My team agreed on following up with eqiad1. The only requirement is we have a clear rollback plan in case something goes wrong.

@ayounsi could you please prepare all the previous stuff (IPv4 range allocation, CR configurations, DNS patches, etc) for eqiad1?
https://netbox.wikimedia.org/ipam/vlans/90/

Change 479337 had a related patch set uploaded (by Ayounsi; owner: Ayounsi):
[operations/dns@master] Assign public /29 for cloud-instance-transport1-b-eqiad

https://gerrit.wikimedia.org/r/479337

To be pushed:

cr1-eqiad

[edit interfaces ae2 unit 1120 family inet]
        address 10.64.22.2/24 { ... }
+       address 208.80.155.90/29 {
+           vrrp-group 121 {
+               virtual-address 208.80.155.89;
+               track {
+                   interface ae2.1120 {
+                       bandwidth-threshold 20g priority-cost 50;
+                       bandwidth-threshold 30g priority-cost 30;
+                   }
+               }
+           }
+       }

cr2-eqiad

[edit interfaces ae2 unit 1120 family inet]
        address 10.64.22.3/24 { ... }
+       address 208.80.155.91/29 {
+           vrrp-group 121 {
+               virtual-address 208.80.155.89;
+               track {
+                   interface ae2.1120 {
+                       bandwidth-threshold 20g priority-cost 50;
+                       bandwidth-threshold 30g priority-cost 30;
+                   }
+               }
+           }
+       }

service impacting:

both

[edit routing-options static]
     route 62.115.145.25/32 { ... }
-    route 172.16.0.0/21 next-hop 10.64.22.4;
+    /* Cloud instances prefix via labnet100[45] */
+    route 172.16.0.0/21 next-hop 208.80.155.92;
[edit routing-options static]
     route 172.16.0.0/21 { ... }
-    route 185.15.56.0/25 next-hop 10.64.22.4;
+    /* Cloud public prefix via labnet100[45] */
+    route 185.15.56.0/25 next-hop 208.80.155.92;

@aborrero Everything is ready to be merged/commited.

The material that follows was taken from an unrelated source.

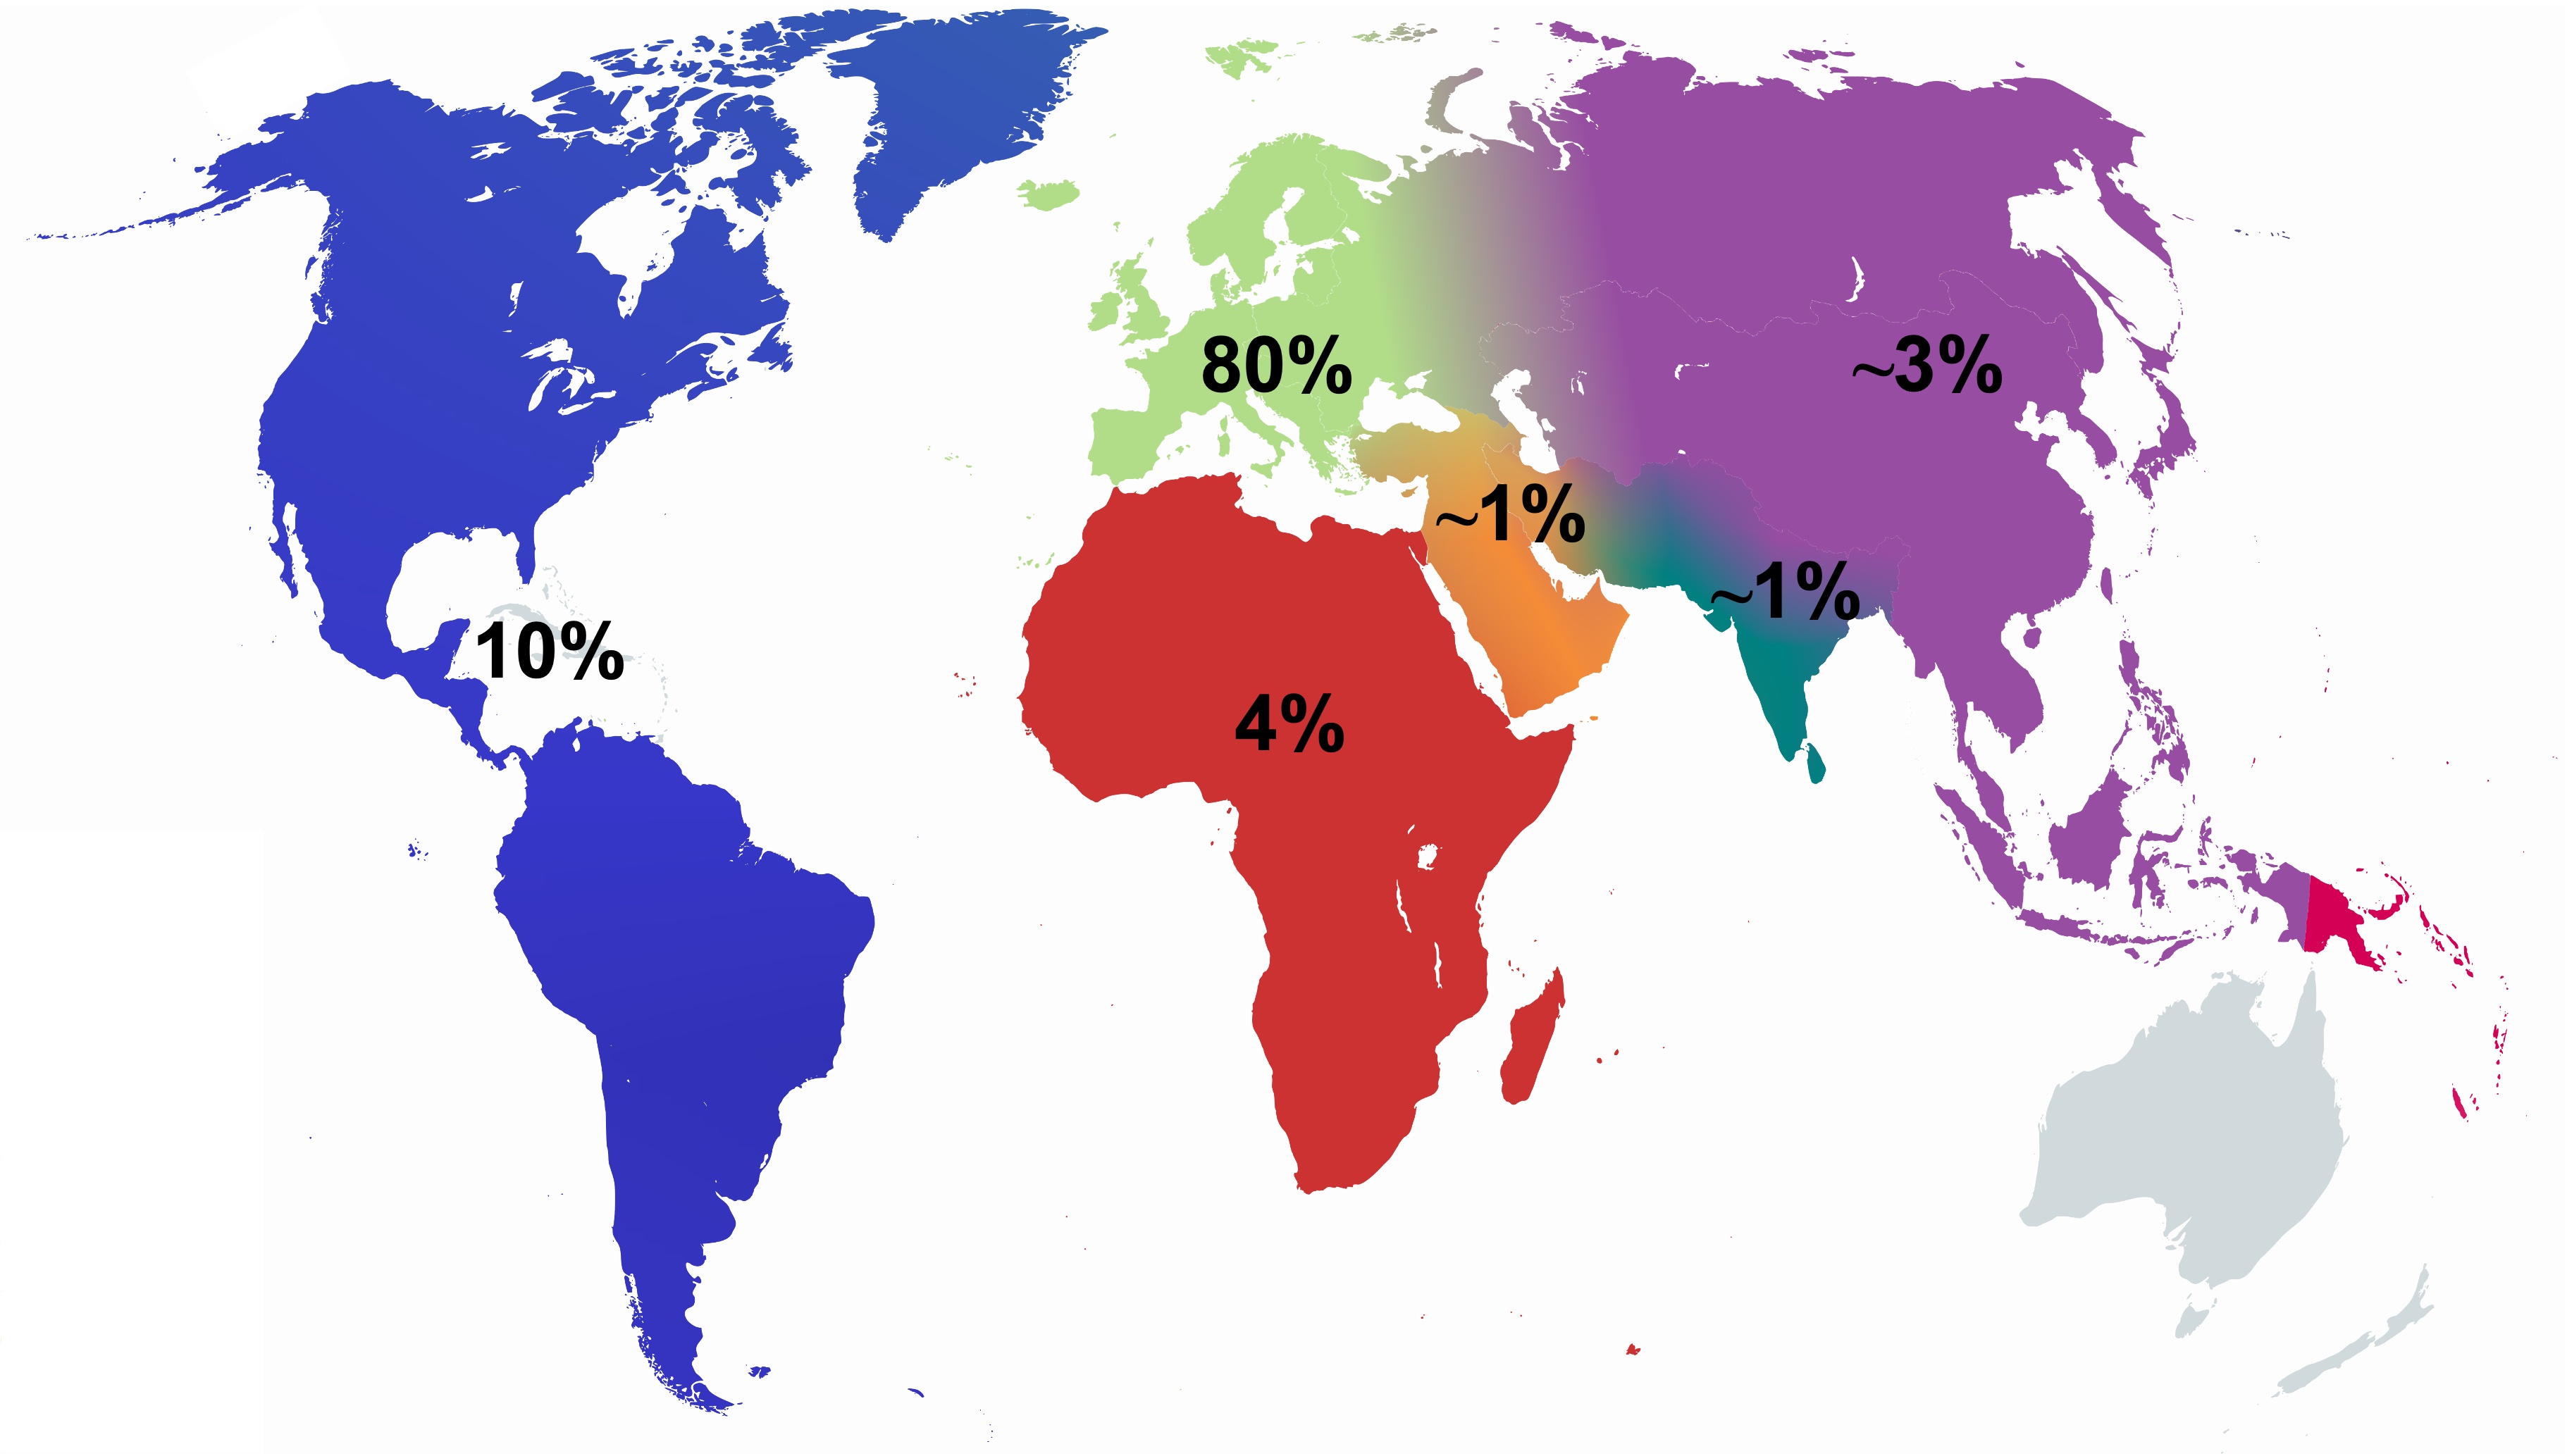 world_map_recolor_genetic_ancestry_20220415[43]

I used the name vip-gw-cloudnet.wikimedia.org. let me know if that's correct or should be changed.

Thanks!

I love diagrams, they help me better understand topology and architectures. Please @ayounsi confirm the following are right.

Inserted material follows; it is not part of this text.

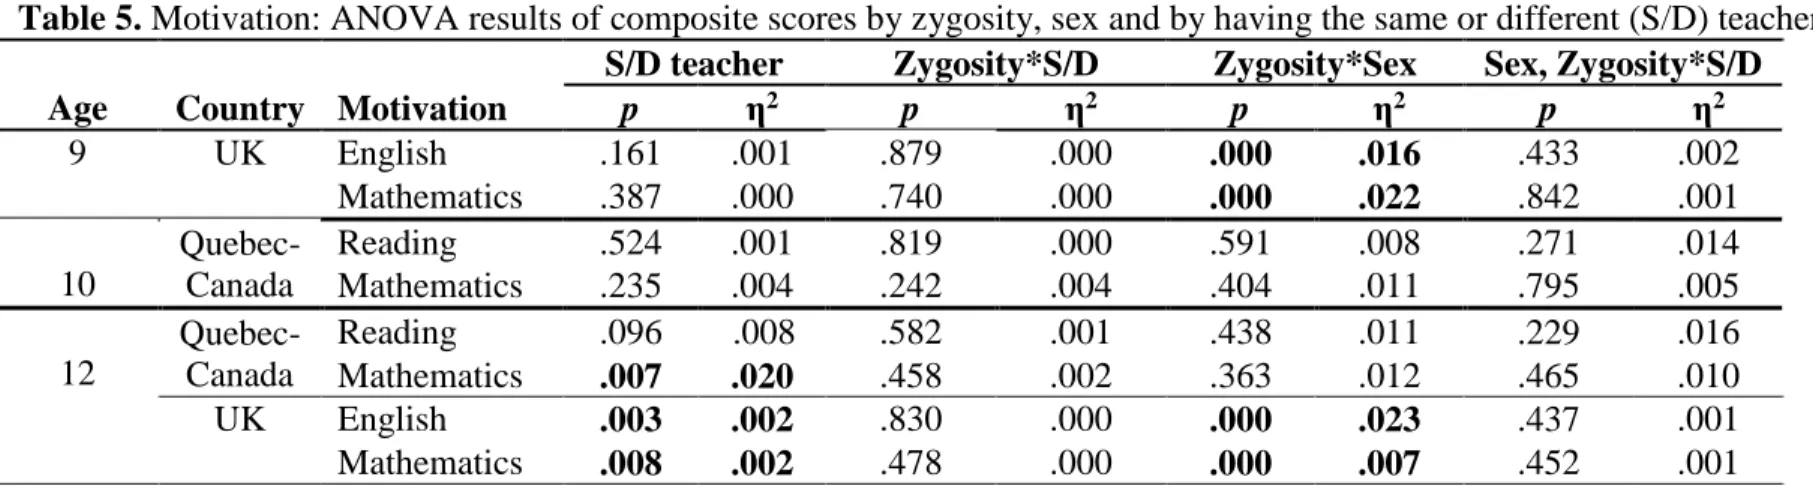 Table 5. Motivation: ANOVA results of composite scores by zygosity, sex and by having the same or different (S/D) teachers  S/D teacher  Zygosity*S/D  Zygosity*Sex  Sex, Zygosity*S/D

eqiad1 transport network before the changes:

eqiad1 transport network after the changes:

For the D day:

# create new subnet
root@cloudcontrol1004:~# neutron subnet-create --gateway 208.80.155.89 --name cloud-instances-transport1-b-eqiad1 --ip-version 4 --disable-dhcp wan-transport-eqiad 208.80.155.88/29

# switch gateway (service impact)
root@cloudcontrol1004:~# neutron router-gateway-set  --fixed-ip subnet_id=cloud-instances-transport1-b-eqiad1,ip_address=208.80.155.92 cloudinstances2b-gw wan-transport-eqiad

# check ports in router
root@cloudcontrol1004:~# neutron router-port-list cloudinstances2b-gw

# cleanup if all is correct 
root@cloudcontrol1004:~# neutron subnet-delete e4fb2771-a361-4add-ac4e-280cc300c59f

In case of rollback:

# In case of rollback, create old subnet if was already cleaned up
root@cloudcontrol1004:~# neutron subnet-create --gateway 10.64.22.1 --name cloud-instances-transport1-b-eqiad --ip-version 4 --disable-dhcp wan-transport-eqiad 10.64.22.0/24

# In case of rollback, switch again to the old gateway (service impact)
root@cloudcontrol1004:~# neutron router-gateway-set --fixed-ip subnet_id=cloud-instances-transport1-b-eqiad,ip_address=10.64.22.4 cloudinstances2b-gw wan-transport-eqiad

# In case of rollback, check ports in router
root@cloudcontrol1004:~# neutron router-port-list cloudinstances2b-gw

# In case of rollback, cleanup new subnet, ID unknown by the time of this writting
root@cloudcontrol1004:~# neutron subnet-delete $ID

If all is OK, refresh docs on:

aborrero moved this task from Doing to Inbox on the cloud-services-team (Kanban) board.Dec 18 2018, 1:02 PM

aborrero moved this task from Inbox to Doing on the cloud-services-team (Kanban) board.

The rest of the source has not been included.